Performance was consistently lower for young infants ages 2 months and younger than it was for children ages 2 to 59 months, the authors found.

"Our data shows that it was especially difficult for CHWs [community health workers] to obtain an accurate count (±2 breaths) in young infants, in which only 8% to 20% of the assessments were in agreement with the reference standard, regardless of the RR [respiratory rate] device used," they reported online in EClinicalMedicine/The Lancet.

Counting respiratory rate manually is difficult to do accurately, they acknowledged, adding that "more is required of a device than simply supporting the health workers to keep count of the number of breaths a patient takes over 60 seconds."

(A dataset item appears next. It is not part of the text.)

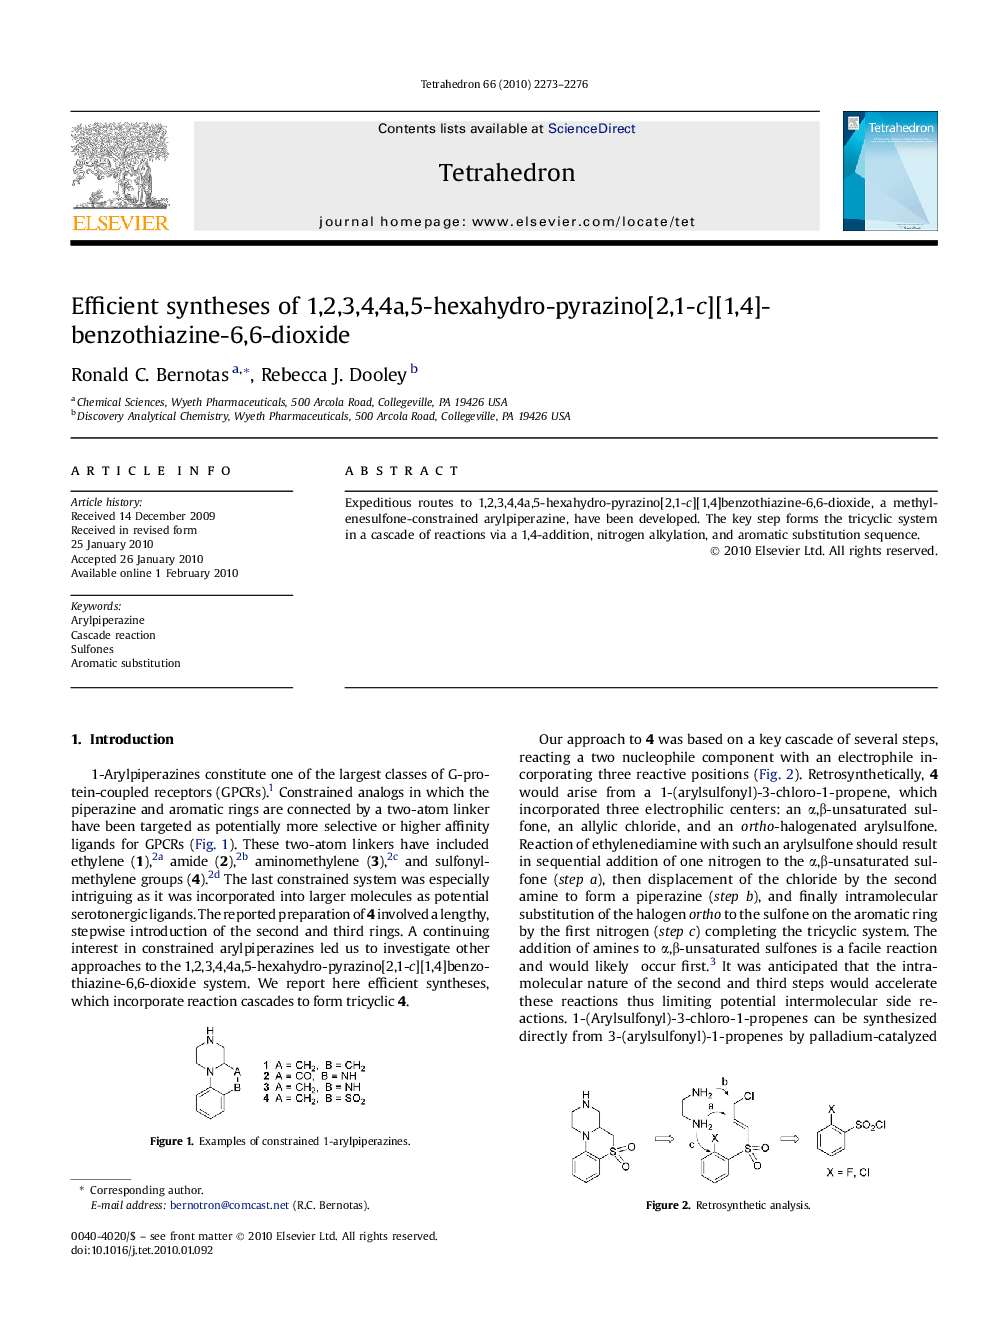 Efficient syntheses of 1,2,3,4,4a,5-hexahydro-pyrazino[2,1-c][1,4]benzothiazine-6,6-dioxide

The agreement between the tested devices and the reference standard was significantly higher for older children, ranging from 30% to 40% in children ages 2 to 59 months. This supports evidence from an earlier study in Zambia in which decreased respiratory rate variability was seen in older children, the researchers said.

"New, automated respiratory rate counters and other diagnostic tools are required if community health workers are to effectively detect the signs and symptoms of pneumonia in children under five," the study authors wrote.

In an accompanying commentary, Israel Amirav, MD, and Moran Lavie, MD, of the Dana-Dwek Children's Hospital, Tel-Aviv Sourasky Medical Center, in Israel, noted that this study and others call for "a radically different approach to better diagnose pneumonia in children."

"We believe that there is an urgent need to re-think our existing dogmas about using RR as a stand-alone or sole diagnostic criterion for diagnosing pneumonia," Amirava and Lavie wrote. "We need to think out of the box as we approach the third decade of the 21st century."

Pointing to evidence that a single clinical sign is unlikely to increase diagnostic precision of childhood pneumonia, they noted that detecting the work of breathing may be superior to breath counting, particularly in the diagnosis of severe pneumonia. Combining respiratory rate with other quantifiable vital signs such as heart rate, O2 saturation, and temperature has also shown promise in the diagnosis of childhood pneumonia.

Similarly, results from a double-blind, randomized clinical trial from Malawi have provided more evidence that challenges the role of respiratory rate in the management of non-severe fast-breathing pneumonia. The study showed that, in 1,343 children ages 2 to 59 months with pneumonia, fast breathing provided a low diagnostic yield for true bacterial pneumonia. This data imply that "fast breathing might be neither an appropriately sensitive nor a specific sign of bacterial pneumonia," the editorialists said.